According to the Constitutional Court,
It is a requirement of the rule of law that the exercise of public power by the executive and other
functionaries should not be arbitrary. Decisions must be rationally related to the purpose for which the
power was given, otherwise they are in effect arbitrary and inconsistent with this requirement. It follows
that in order to pass constitutional scrutiny the exercise of public power by the executive and other
functionaries must, at least, comply with this requirement. If it does not, it falls short of the standards
demanded by our Constitution for such action.
The court went on to hold that the President’s decision to bring an Act into operation mistakenly was not
objectively rational and was therefore invalid. Though clearly an important interpretation of the requirements of
the rule of law; the sequence of analysis followed in the decision bears emphasising. The court did not reach the
rule of law until it had decided that the President’s conduct was not administrative action and therefore not
subject to the specific requirements of the administrative justice right. A norm of such generality and abstraction
as the rule of law should not be directly applied until norms of greater specificity have been exhausted.
The rule of law therefore means more than the value-neutral principle of legality. It also has the implications for
the content of law and government conduct. In this regard it has both procedural and substantive components.
The procedural components forbid arbitrary decision-making. Not only the executive, but Parliament itself may
not act capriciously or arbitrarily. It also explains why there must be a rational relationship between a scheme
Parliament adopts and the achievement of a legitimate governmental purpose. The absence of a rational
relationship indicates that the legislation is arbitrary, which is inconsistent with the rule of law.
More recent decisions have inflated the concept still further to include a requirement of procedural fairness. In
Albutt, the Constitutional Court held that procedural fairness was required as a matter of rationality, i.e. that it
would be irrational to take the decision in question without hearing both sides. This established that the principle
of legality may demand procedural fairness in an appropriate case. More recently, the Supreme Court of Appeal
held that the Judicial Service Commission had to give reasons for non-administrative action if properly called upon
to do so, particularly since its conduct would otherwise be effectively immune to a challenge based on rationality.
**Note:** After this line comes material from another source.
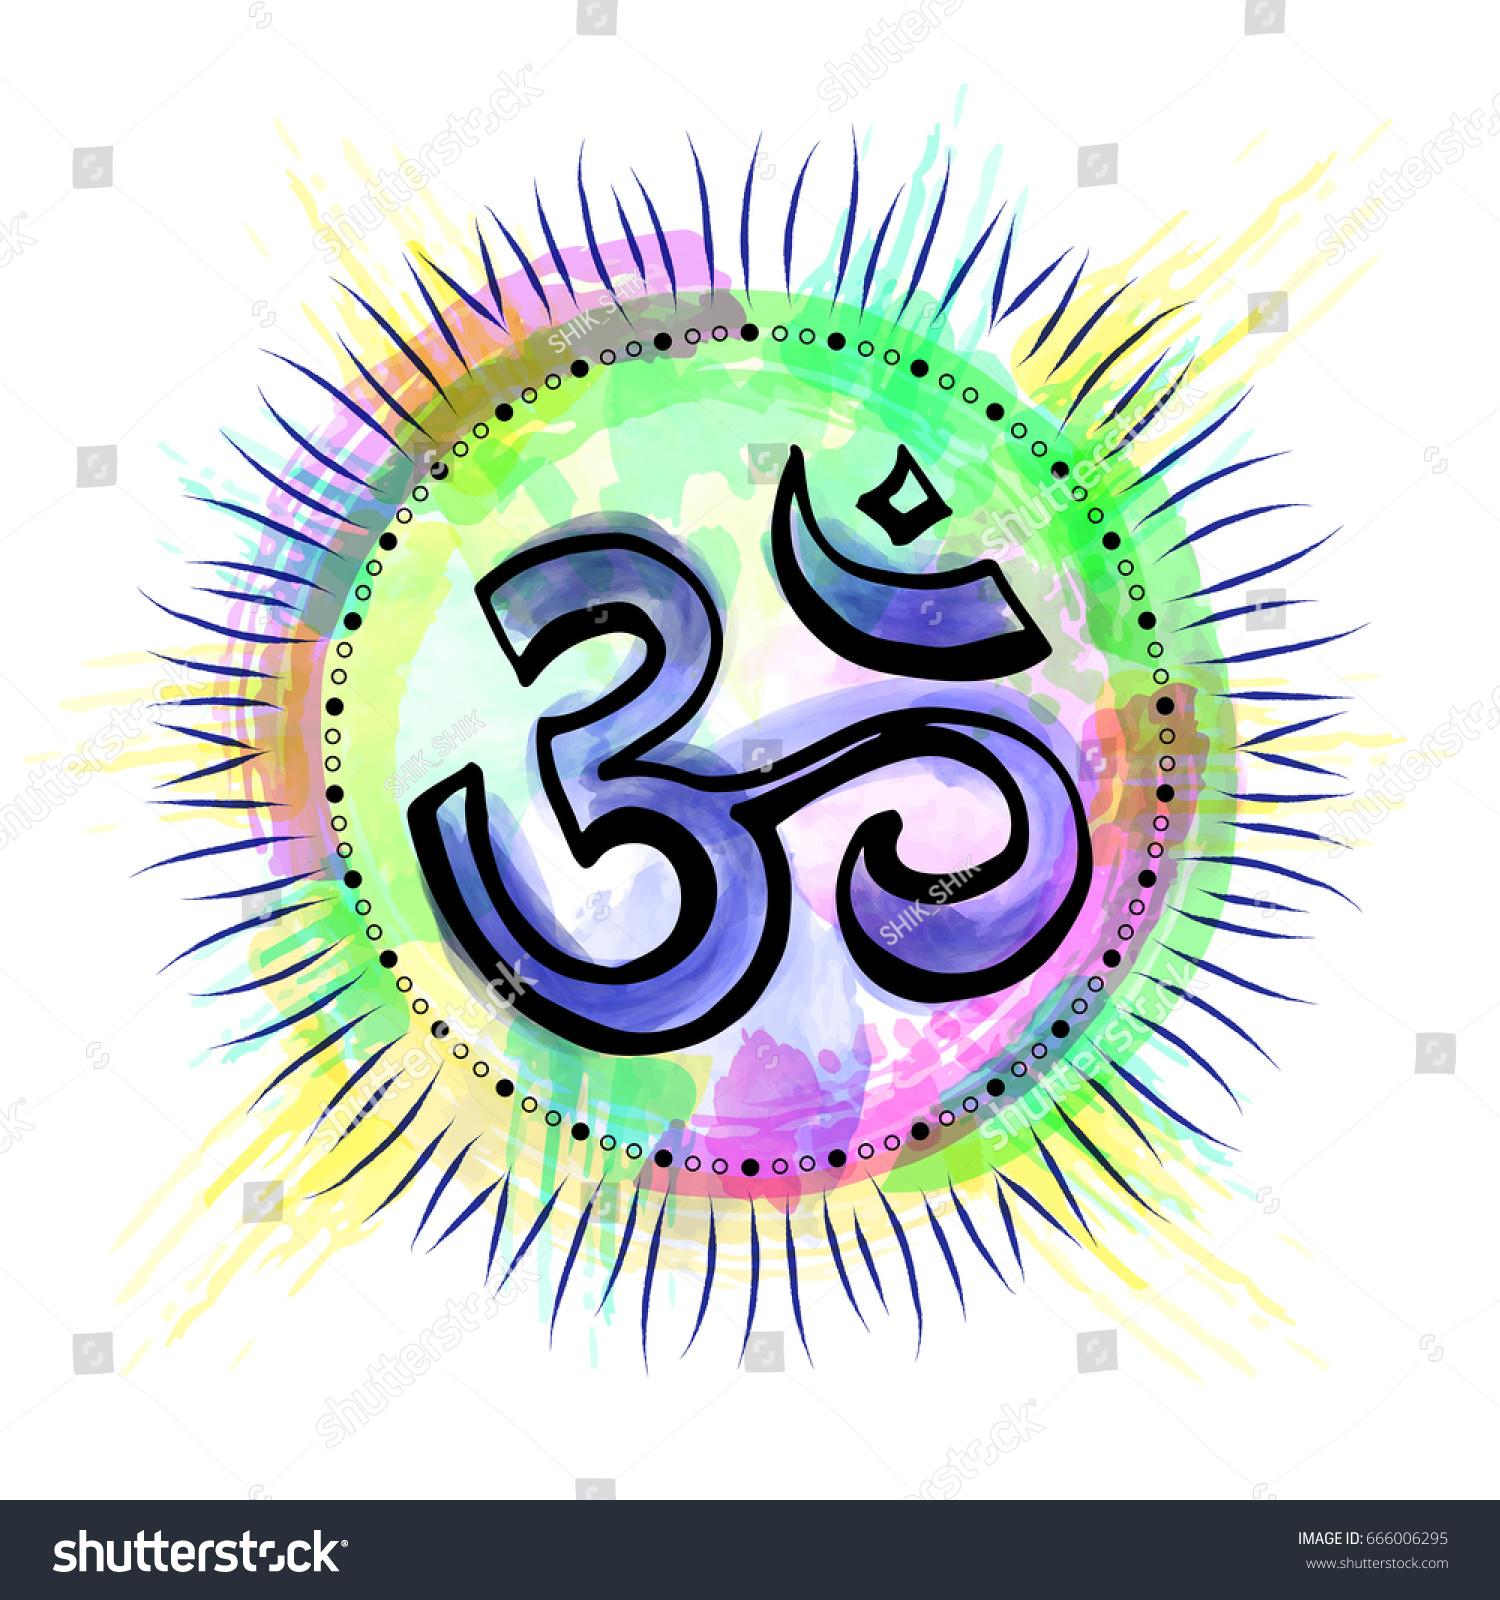 Om Aum Indian Sacred Sound Original Stock Vector 666006295

The substantive component dictates that the government must respect the individual’s basic rights. It is not clear
what kinds of basic rights will qualify for protection under the rule of law. Respect for human dignity, equality and
freedom are repeatedly emphasised in the Bill of Rights. It seems logical that these ought also to be the rights
protected by the rule of law. The inclusion of the rule of law in the founding provisions therefore super-entrances
a ‘mini-constitution’.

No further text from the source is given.